Monday, July 25, 2005

Seconding the Endorsement for Tenure
Christina F. Jeffrey, South Carolina Association of Scholars

Do we need any further proof that Thomas Reeves is right to bring to our attention the likely unintended consequences of ending tenure on college campuses? Ward Churchill would survive. D. Rayner (the pen name of a professor at a Southern University) whose article appears on the page below Reeves's, probably would not. Ward Churchill speaks his (warped) mind freely and without fear of retribution while D. Rayner has to assume a pen name. Some academics now stay in the conservative closet even after they earn tenure.

Reeves might persuade me differently, but, like most free-market conservatives, I believe that there may be better systems than the current one for protecting academic freedom. Obviously, that one is flawed (as many conservative academics are discovering) and we should at least consider alternatives.

As Reeves points out, those who have already made it through the tenure process will be the first to go, if tenure is removed ex post facto. On the other hand, looking to the future, conservatives may have a better chance of competing in a market that hires on a contract basis, if for no other reason than the fact that there will be more openings.

It also seems likely that if the stakes for jobs are lower, conservatives might be more likely to secure full-time jobs, just as they are now often able to find adjunct and temporary positions, but not tenure-track ones.

The state universities, at least, could benefit by letting in some more of our folks -- as it is, an increasing number of state systems of higher education are under terrific pressure from cynical and burned legislators who are having second thoughts about funding institutions that seem to thrive on anti-Americanism. If they had friends in the political science department, for example, they might see more use in keeping the enterprise afloat. This is not to say that Republican political scientists should be toadies. They should be allowed to exist, though. The resultant intellectual diversity might be beneficial to their departments (even if it gets in the way of converting the department into a consulting arm of the Democratic Party come election time).

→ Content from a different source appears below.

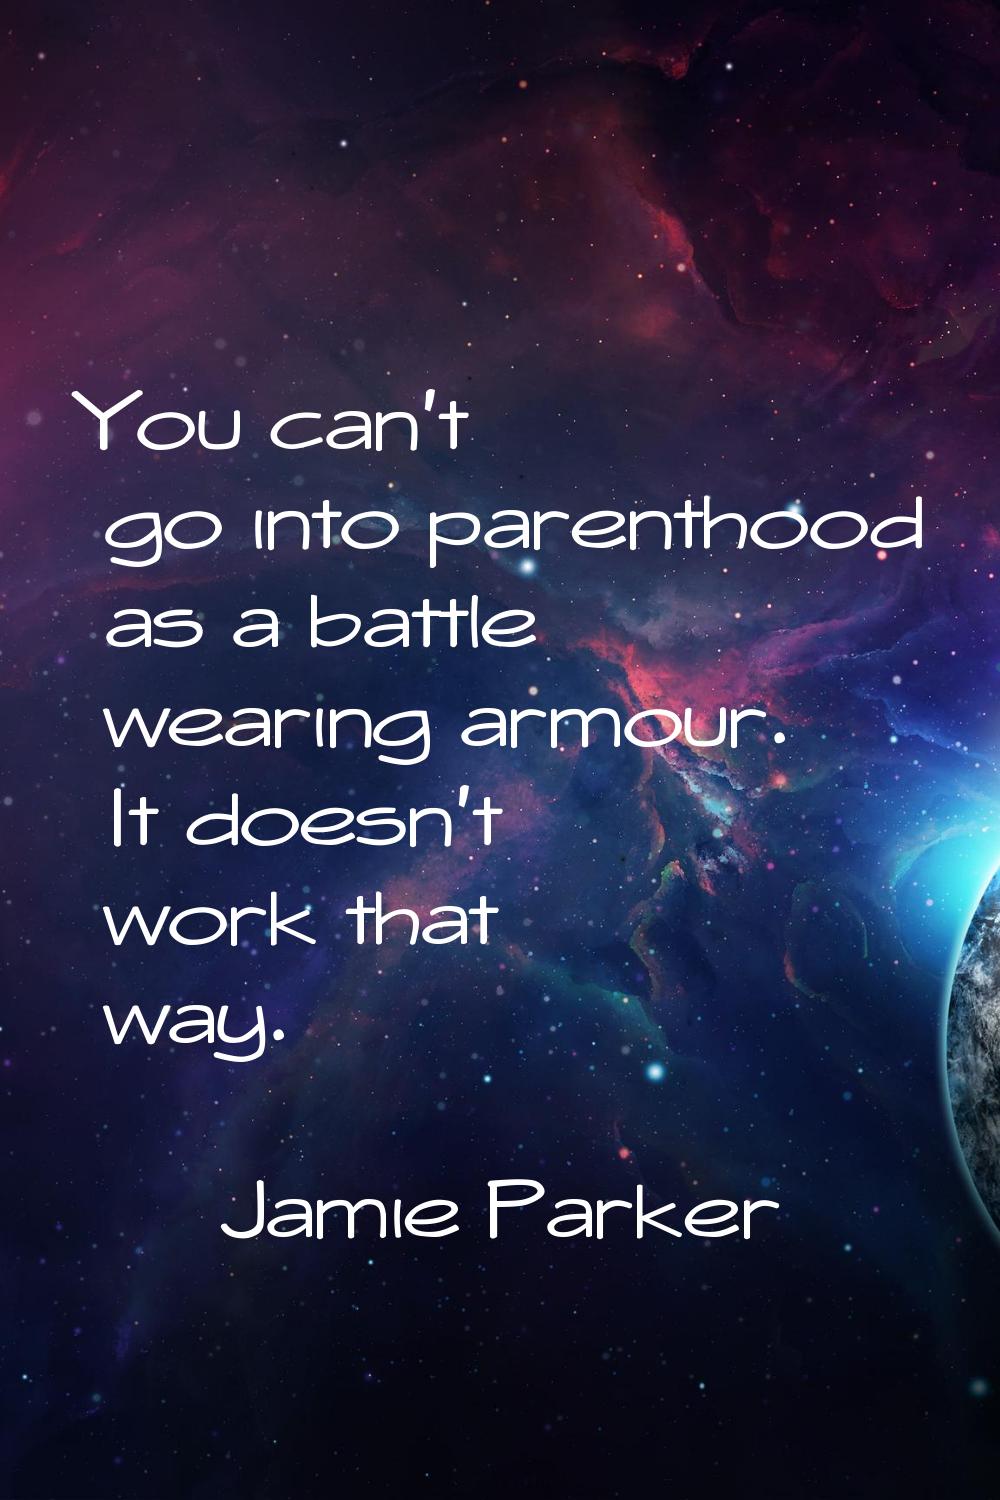 You can't go into parenthood as a battle wearing armour. It doesn't work that way.

As a member of the Nation Association of Scholars in Georgia, I fought post-tenure review (the end of tenure as we know it) for the reasons outlined above and for one additional reason, also touched on by Reeves. To obtain tenure, individuals do things they might not otherwise do, give up opportunities they might not have otherwise given up, and accept salaries that are lower than they might otherwise have earned. This is a real investment in their jobs. If they are forced to give up tenure, then they deserve compensation, just as they would deserve for any other appropriated property.

By the way, I was informed by legal counsel, after losing the tenure battle in Georgia, that my outspoken unwillingness to give up tenure voluntarily, while all the rest of the faculty in the Georgia were voting to give it up, meant that I was the only person in the system whose tenure still meant something. Everyone else had apparently ceded theirs back to the Board of Trustees.

So my advice is not to surrender hard-earned tenure without a fight, or at least a generous severance package!